Re: Cosette / Apache Calcite

Shumo Chu Tue, 17 Oct 2017 17:07:40 -0700

Hi Michael and Calcite Devs:

That's great!


We also hijacked the test harness of RelOpRule Test and generated SQL using
before and after optimization logical plans. (The reason that I use query
plan rather than the input SQL is that when Calcite generates SQLs from
query plans, it adds the correct table reference of attributes. Cosette
currently cannot handle unqualified attribute references). We got 232
before and after SQL after some tweaking. You can find the SQL queries that
we get here: https://github.com/uwdb/Cosette/blob/master/examples/c
alcite/calcite_tests.json.

We then ran all of them using Cosette. Cosette can currently support 39 of
232 queries. Out of these 39 queries, the results are:

EQ           9
UNKNOWN     27
NEQ          3

EQ means our Coq backend found a valid proof for the equivalence of the two
queries.

UNKNOWN means our model checker could not find a counterexample to prove
that the queries are not equivalent (within a time bound of 3 secs). You
can interpret that as "likely equal".

NEQ means our model checker found a counterexample to prove the queries are
not equivalent. These are all the cases that there are some preconditions
that Calcite understands but we haven't yet put into Cosette. For example
(testPushSemiJoinPastJoinRuleLeft):

 query q1 `SELECT EMP.ENAME
                  FROM EMP AS EMP, DEPT AS DEPT, EMP AS EMP0
                   WHERE EMP.DEPTNO = DEPT.DEPTNO AND
                                 EMP.EMPNO = EMP0.EMPNO`;

query q2 `SELECT EMP1.ENAME
                 FROM EMP AS EMP1 INNER JOIN DEPT AS DEPT0
                    ON EMP1.DEPTNO = DEPT0.DEPTNO INNER JOIN EMP AS EMP2
                    ON EMP1.EMPNO = EMP2.EMPNO INNER JOIN DEPT AS DEPT1
                    ON EMP1.DEPTNO = DEPT1.DEPTNO INNER JOIN EMP AS EMP3
                    ON EMP1.EMPNO = EMP3.EMPNO`;


These two queries are equivalent under the precondition that EMPNO is the
primary key of EMP, and DEPTNO is the primary key of DEPT, and that is
indeed the case!

We are extending Cosette to support preconditions such as primary keys and
foreign keys now and we should be able to handle these soon.
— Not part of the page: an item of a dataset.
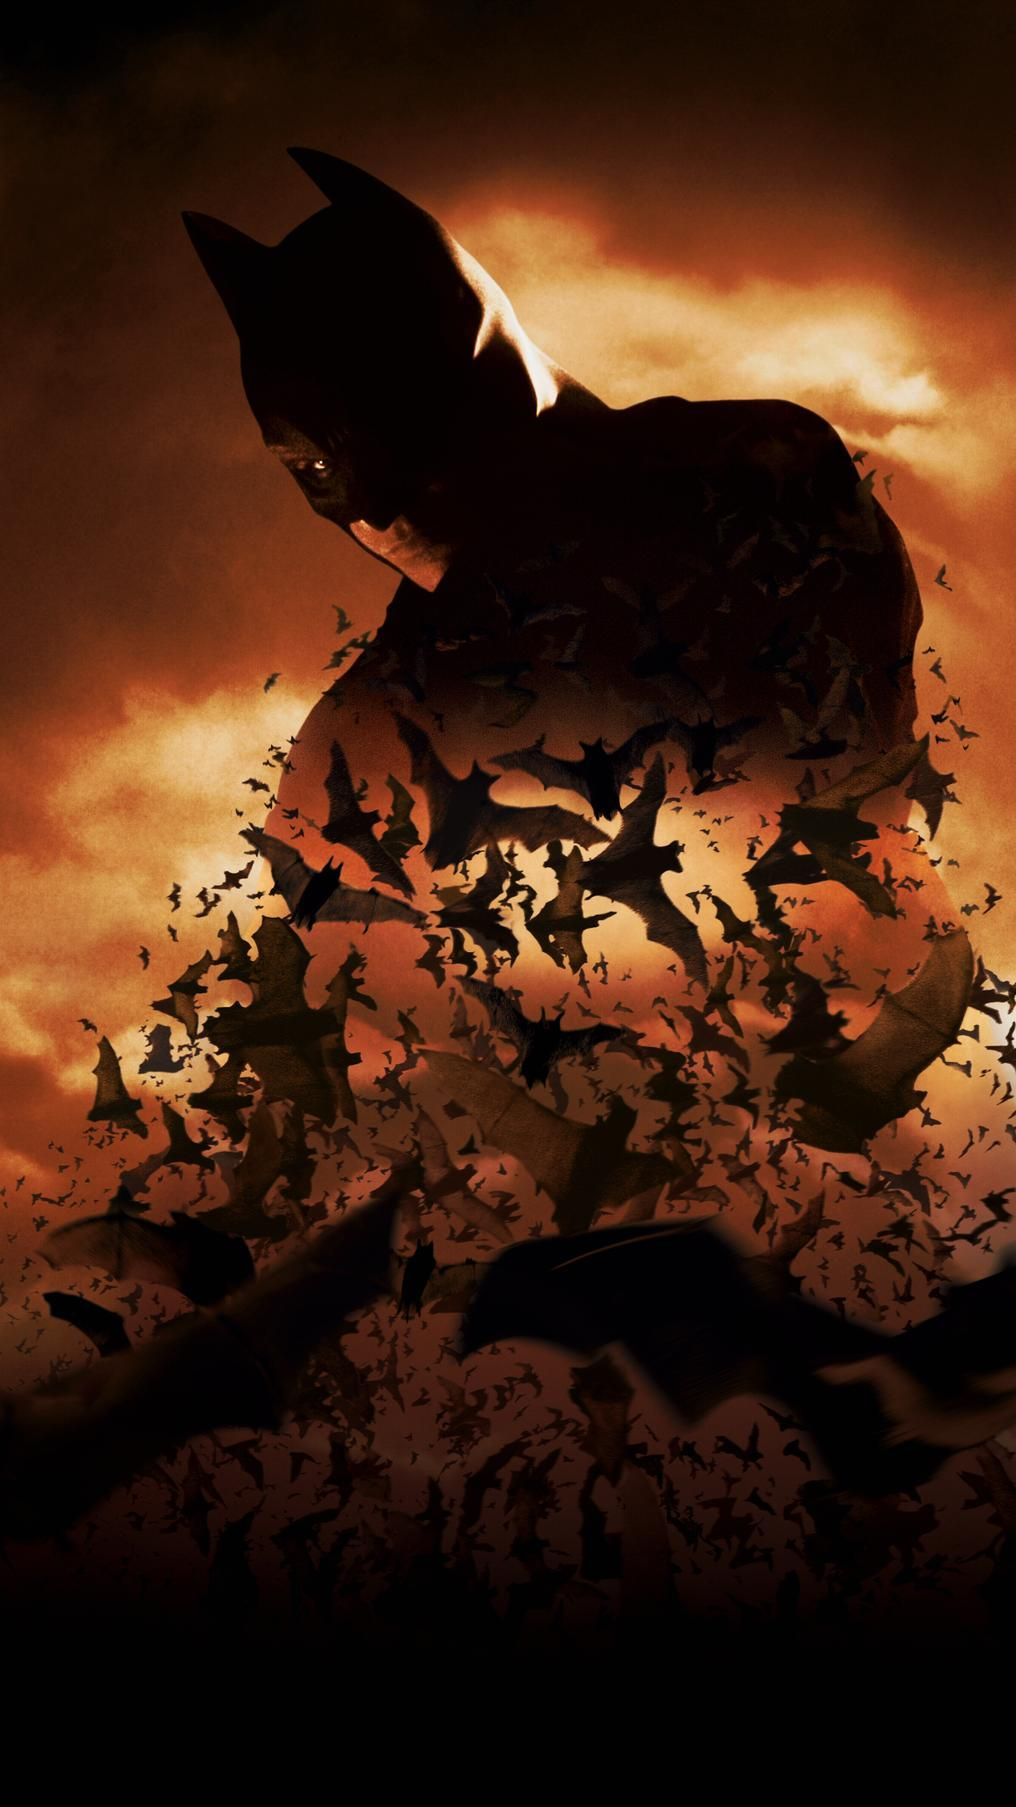 Batman Begins 2005 Phone Wallpaper Batman Peliculas
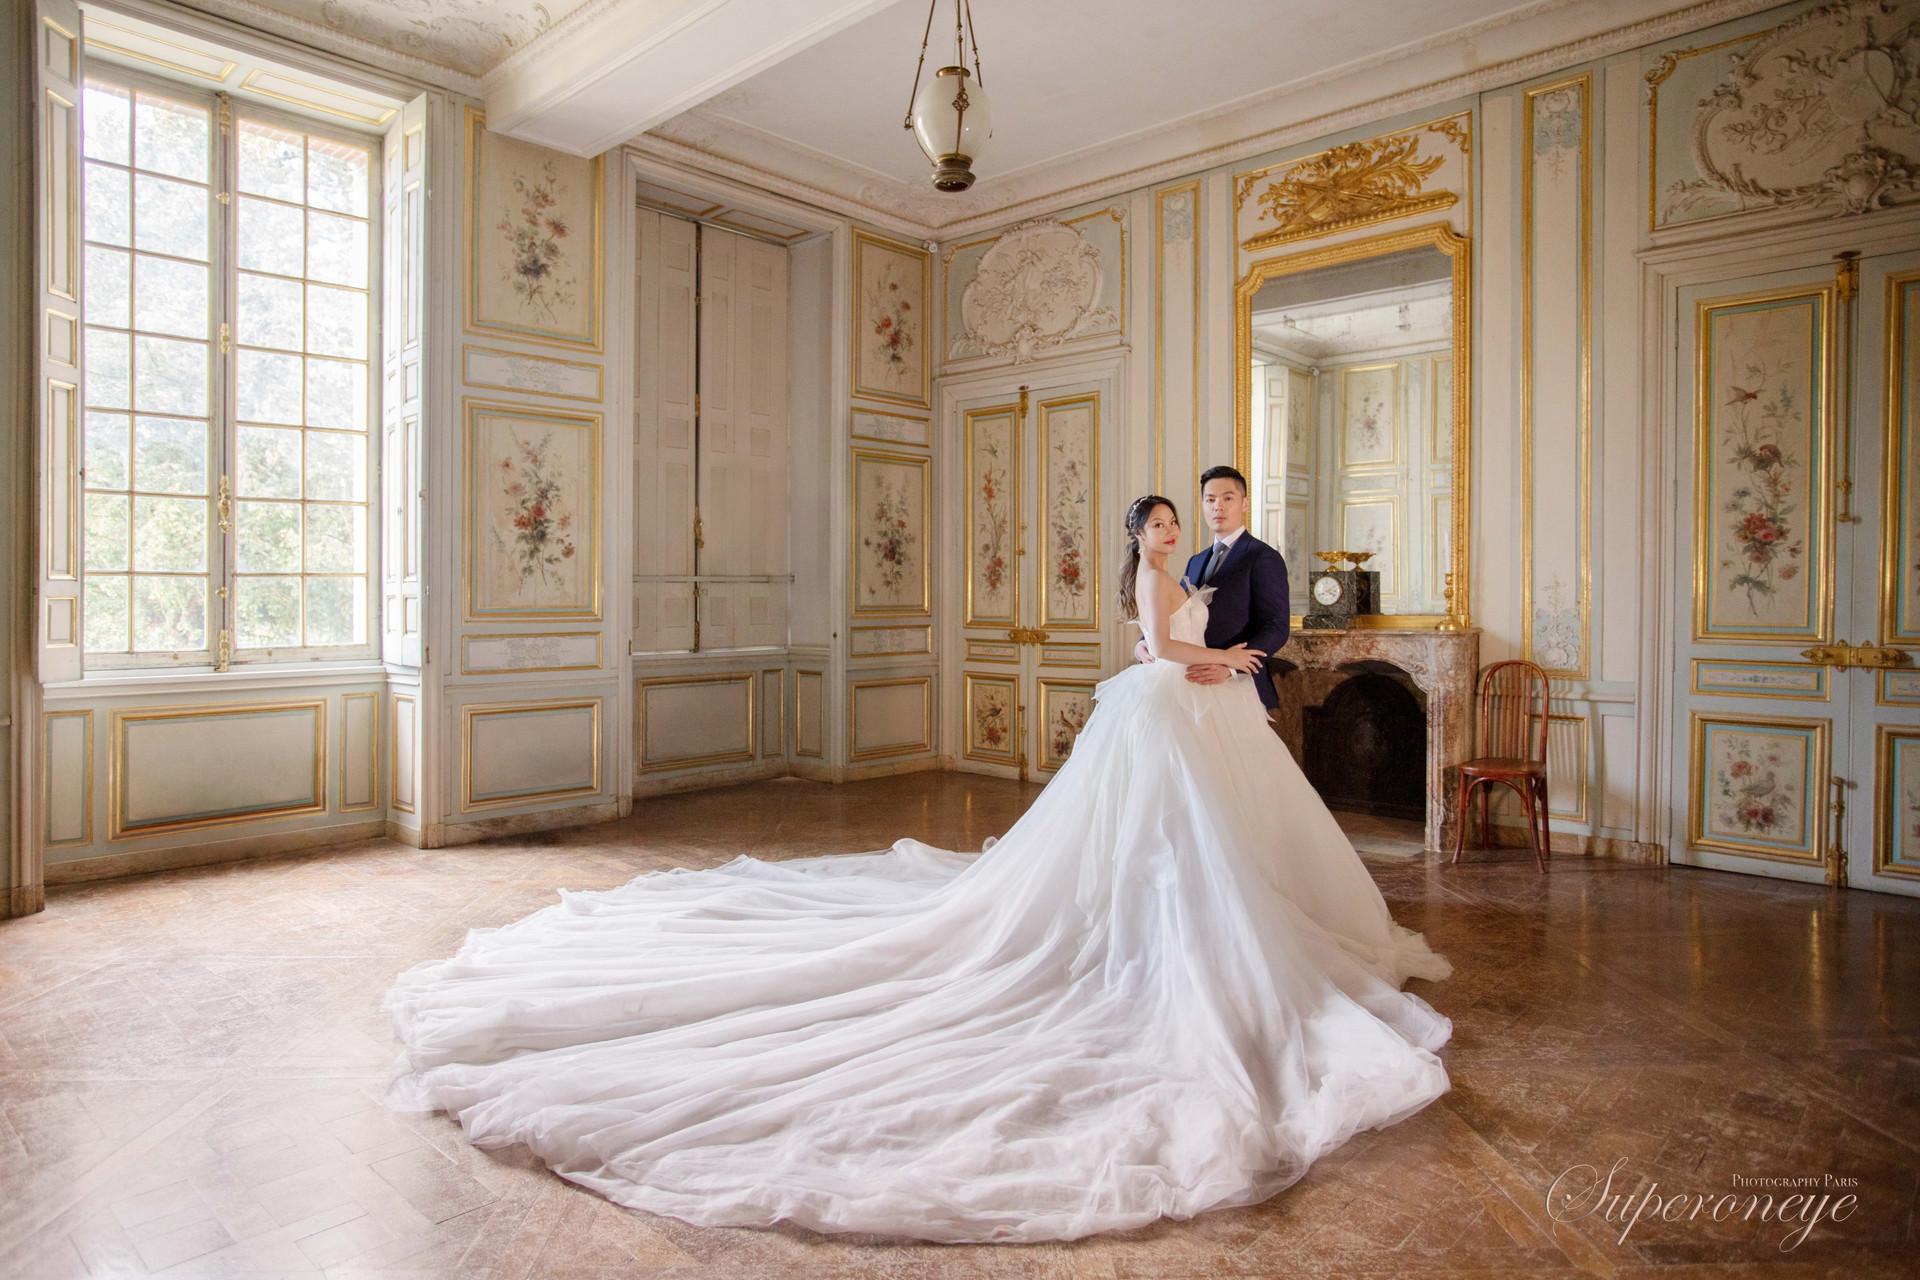 Château de Fontainebleau - Paris prewedding

For the queries that we cannot handle, here is the break down of the issues:

[image: Inline image 1]

We support a large part of group by queries, GROUPBY here means some
grouping features that we don't support, e.g., group by on arbitrary
expressions. Although we might not be able to support all of these SQL
features, we are definitely working on adding more SQL features to Cosette.

With all above, we can try to integrate Cosette as an extra layer to ensure
developer's confidence. Currently, we are working on SIGMOD deadline (Nov. 2)
but will devote more time into this afterward.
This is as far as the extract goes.